Marker genes for each cluster were detected by testing for differential expression between cells in one cluster and all other cells using a Wilcoxon rank sum test (Bauer 1972). To reduce processing time only genes that were expressed in at least 10 percent of cells in one of these groups were tested. To identify conserved marker genes a similar process was performed on each dataset separately and the results combined using the maximum p-value method. We also tested for within cluster differential expression to identify differences between cells of the same type in different datasets.

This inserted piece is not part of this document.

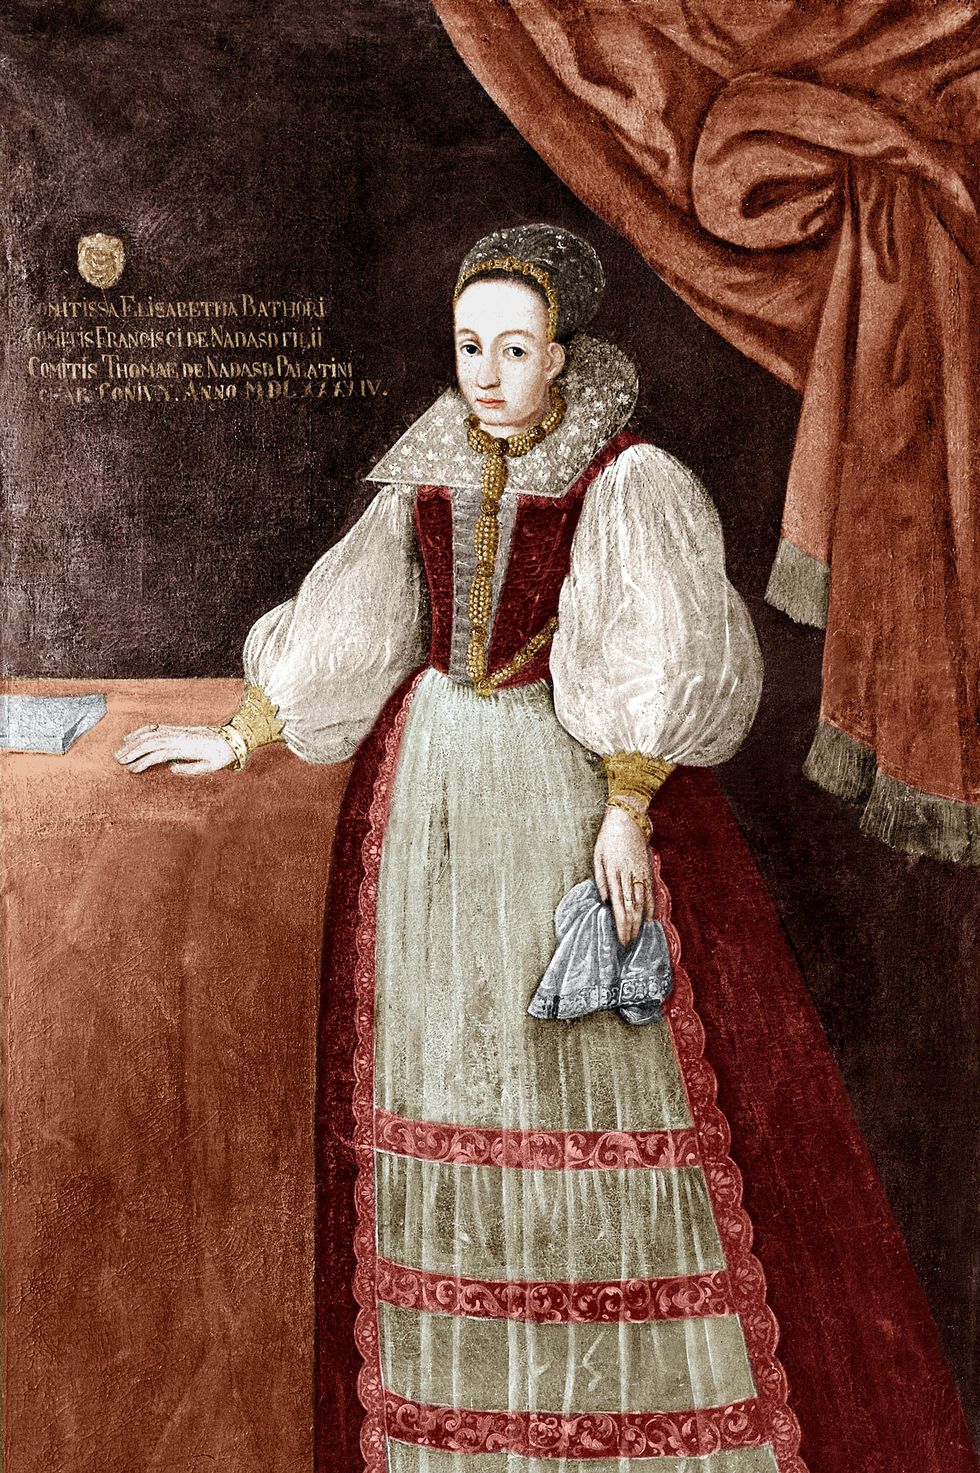 a painting depicting countess elizabeth bathory standing and holding a handkerchief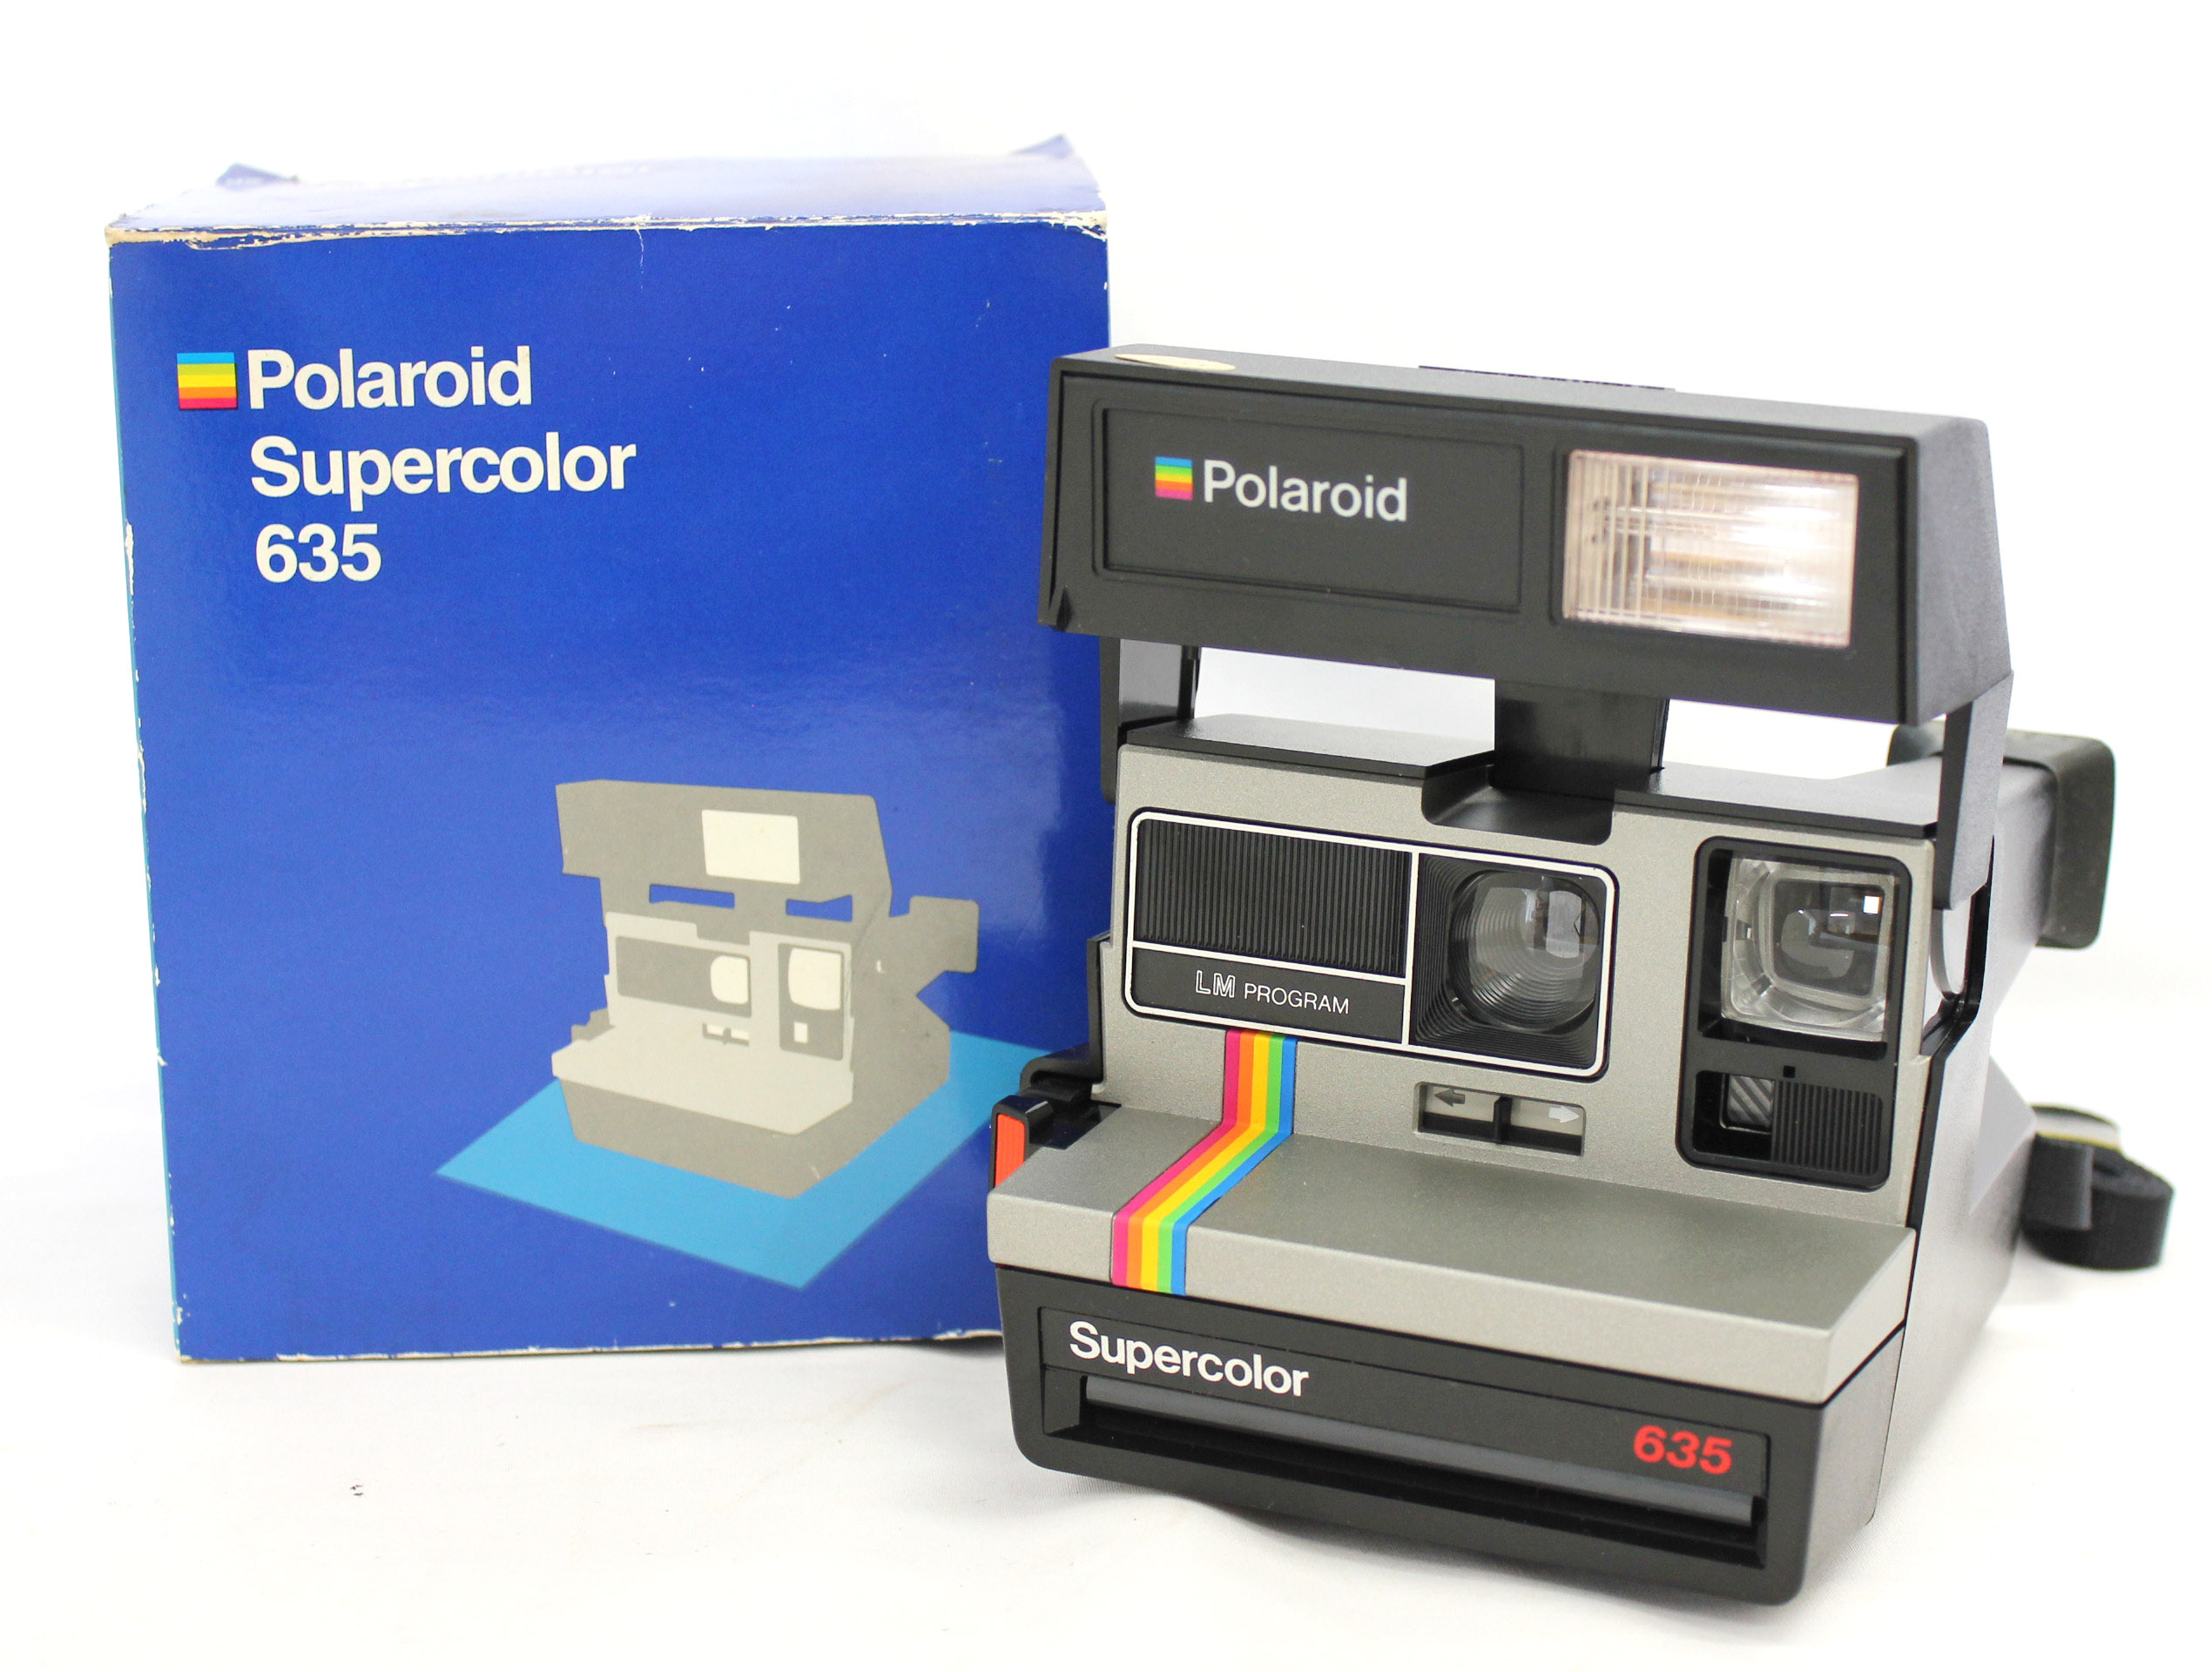 Japan Used Camera Shop | Polaroid Supercolor 635 LM Program (Tested) from Japan

Based on identified marker genes we determined clusters 2 and 9 represented the nephron lineage. The 1125 cells in these clusters were re-clustered at a resolution of 0.5 resulting in 5 clusters.

We also performed pseudotime trajectory analysis on the nephron cells using Monocle (v2.8.0) (Trapnell et al. 2014; Qiu et al. 2017). The intersection of the top 100 genes with the greatest absolute foldchange for each nephron cluster were selected for this analysis, giving a set of 455 genes used to order the cells.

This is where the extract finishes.